Transcribe the entries below word for word, beginning at the line with "Photo of Holiday" and stopping after the line with "Pretty woman massaging"; drop all pictures.

▶ **Provided records**
§ §
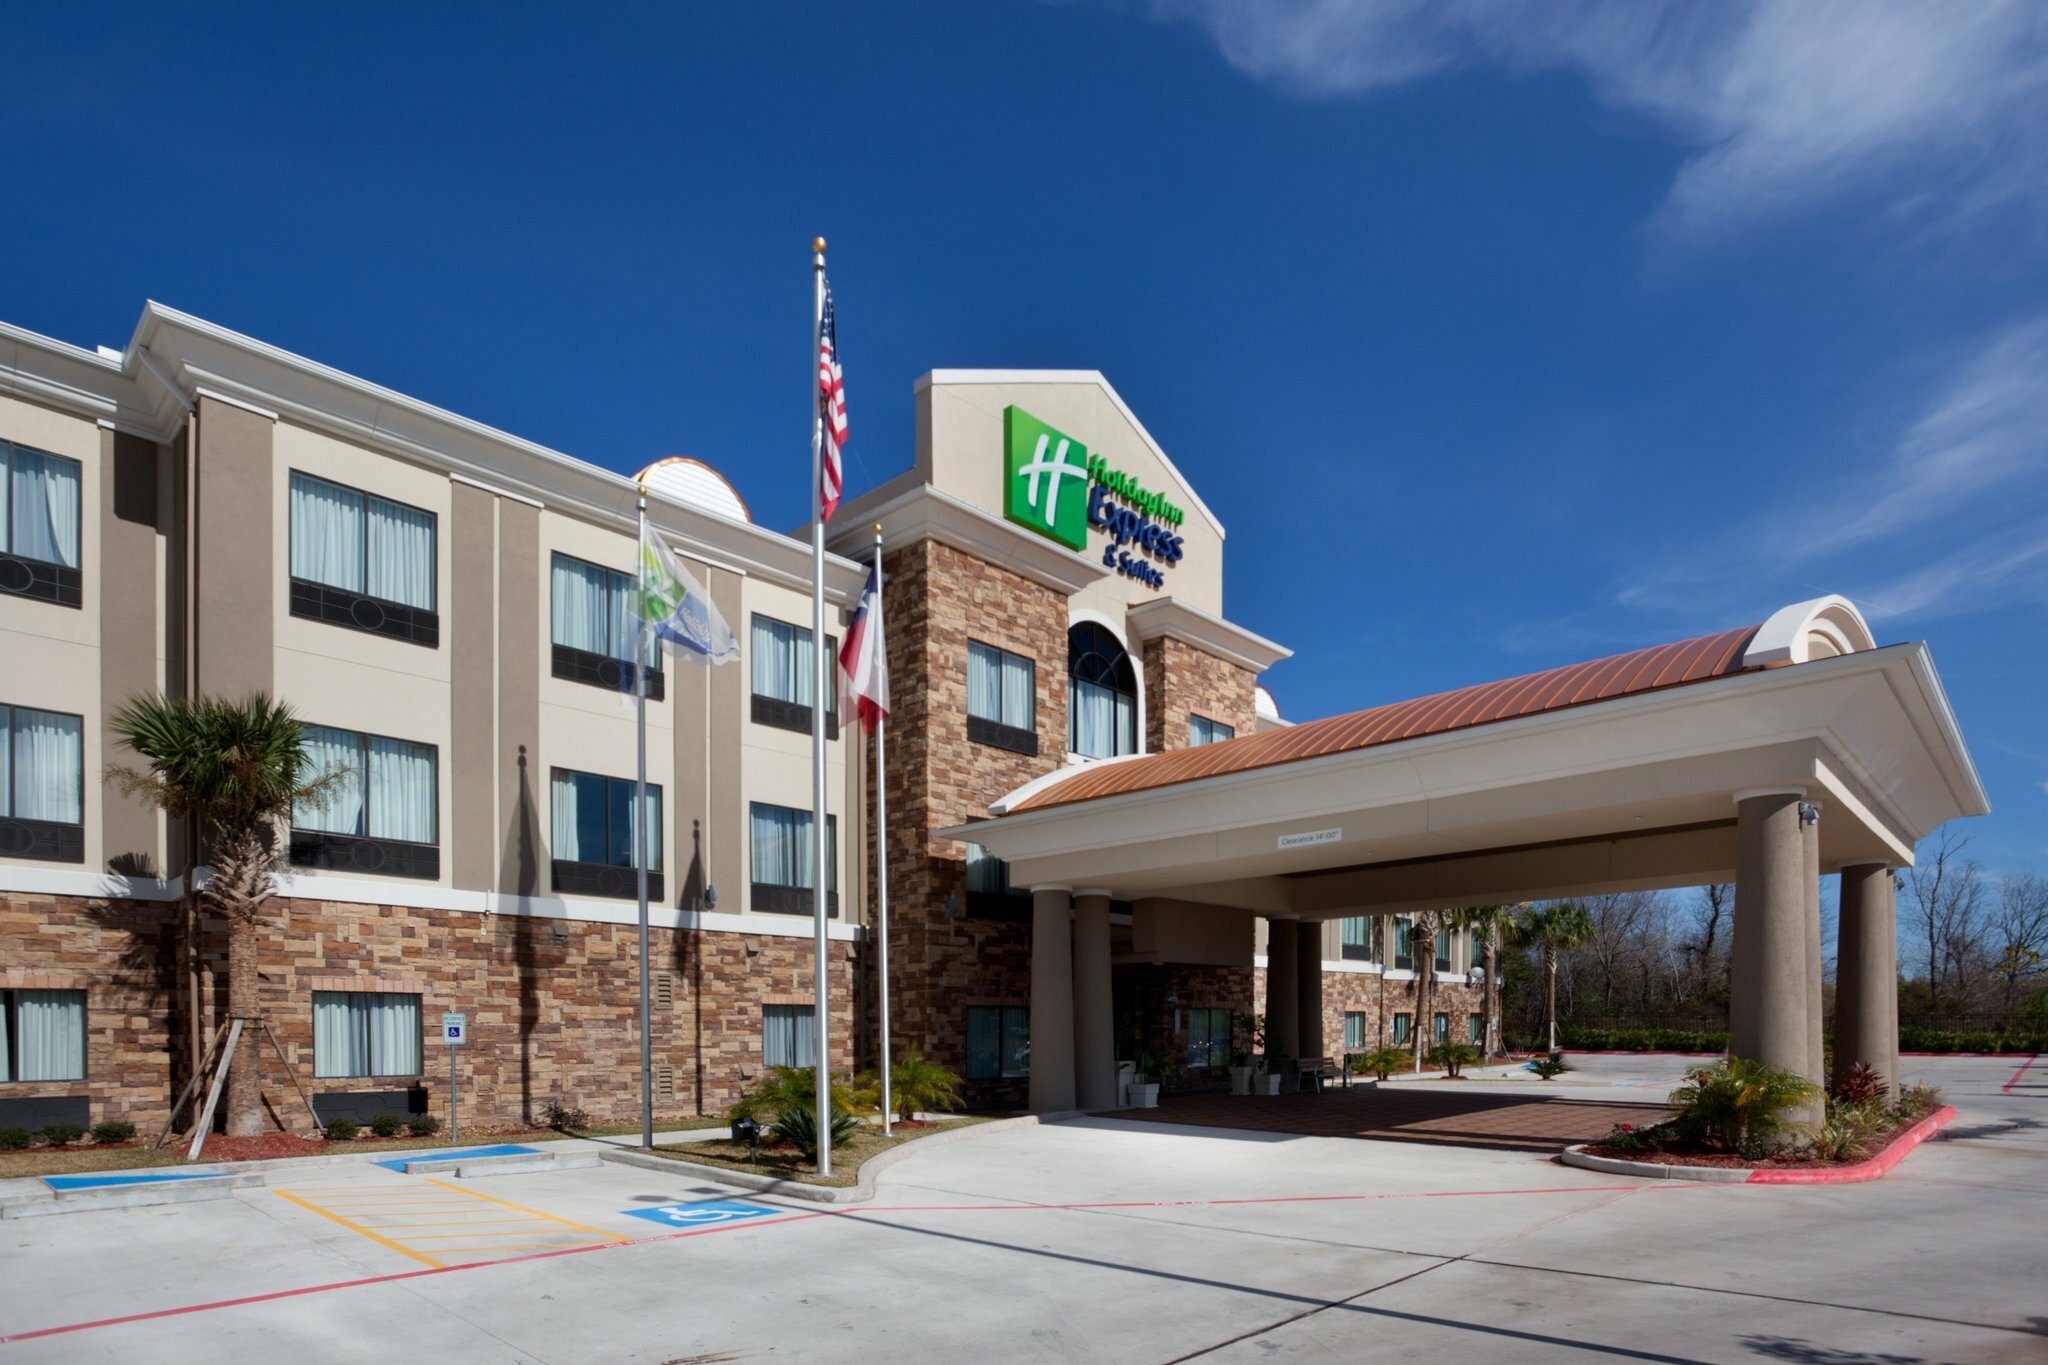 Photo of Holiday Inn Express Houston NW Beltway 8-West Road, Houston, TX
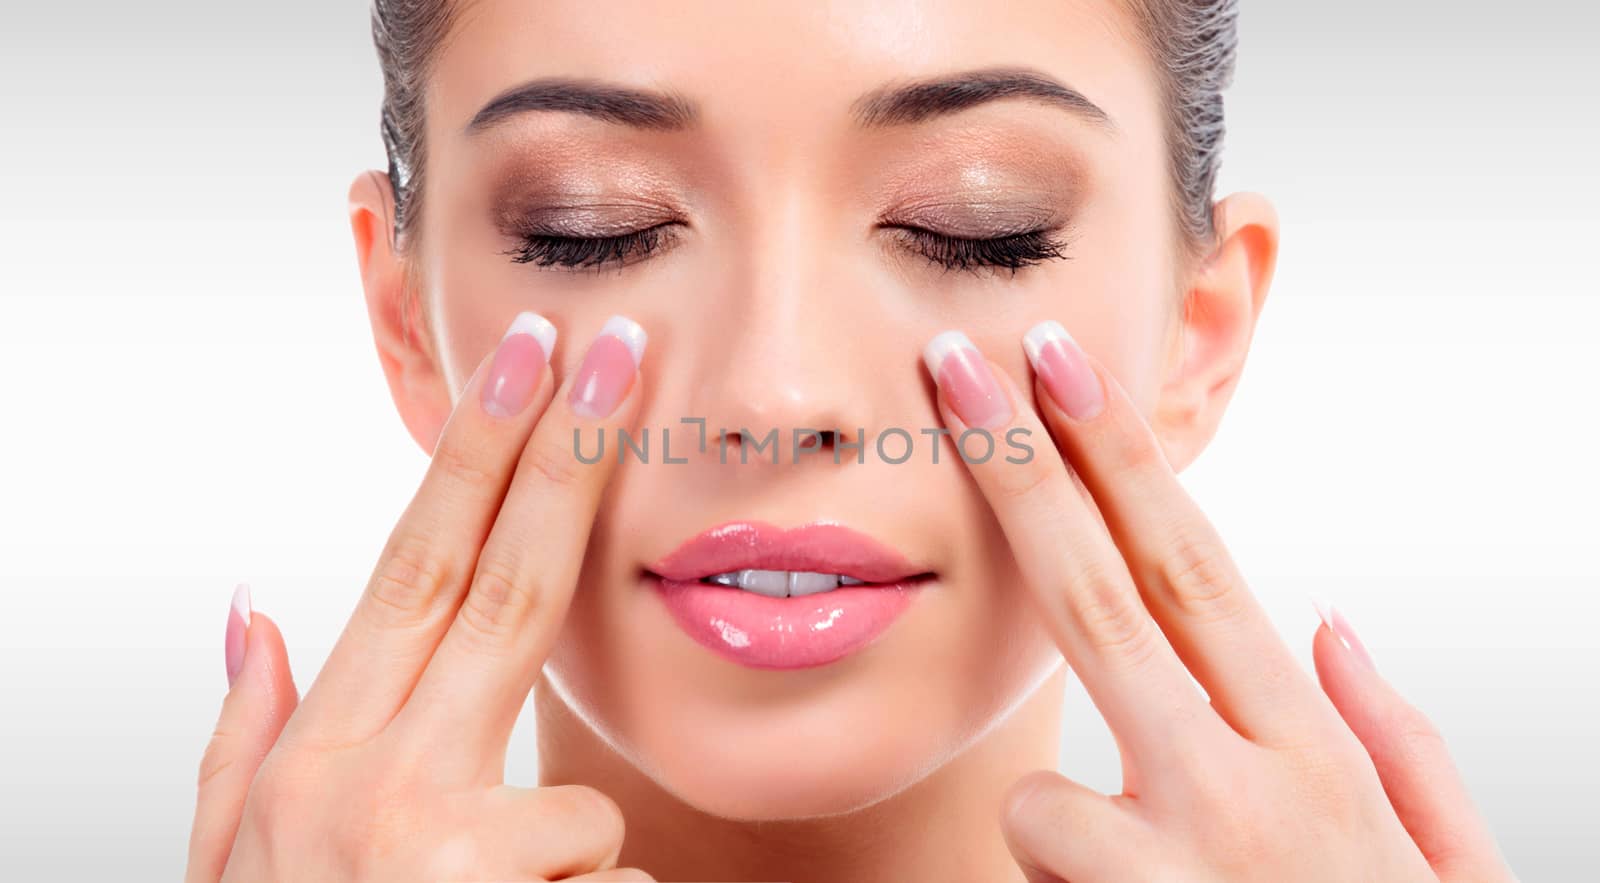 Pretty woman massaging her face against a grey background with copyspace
§ §
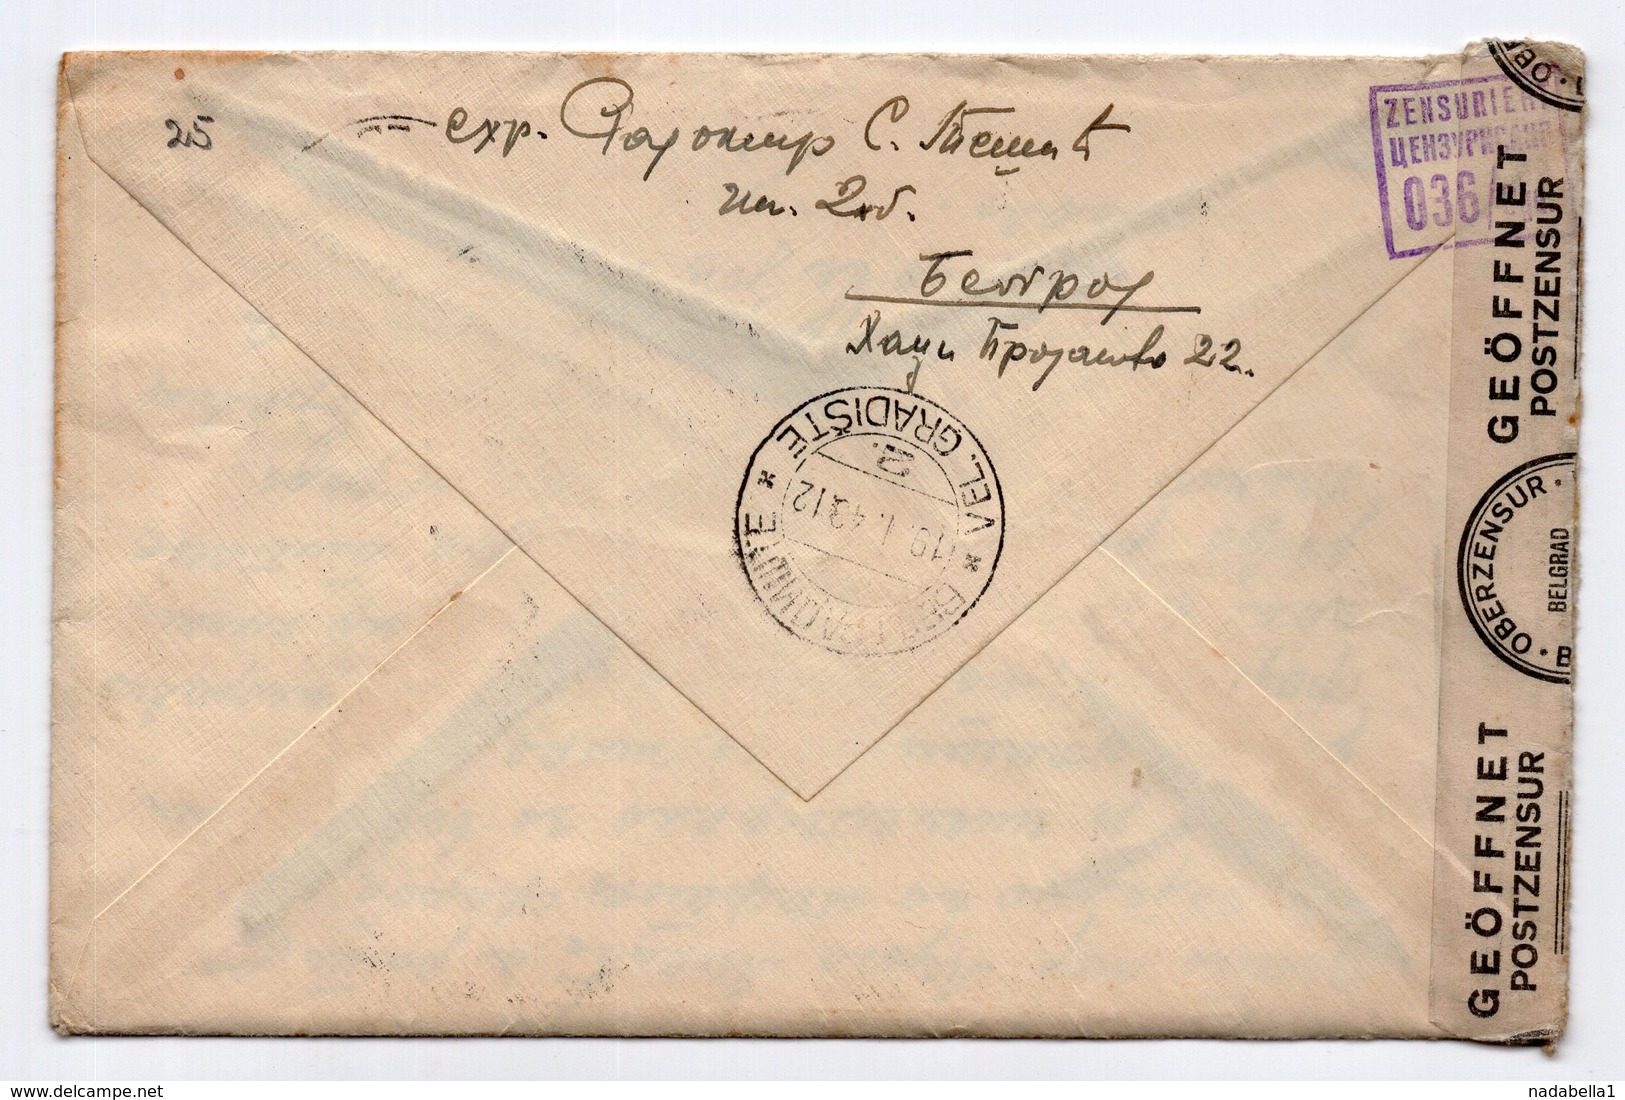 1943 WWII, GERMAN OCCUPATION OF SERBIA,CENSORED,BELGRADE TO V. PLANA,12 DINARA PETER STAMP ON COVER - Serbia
§ §
▶ **Response below**
 Photo of Holiday Inn Express Houston NW Beltway 8-West Road, Houston, TX
 Pretty woman massaging her face against a grey background with copyspace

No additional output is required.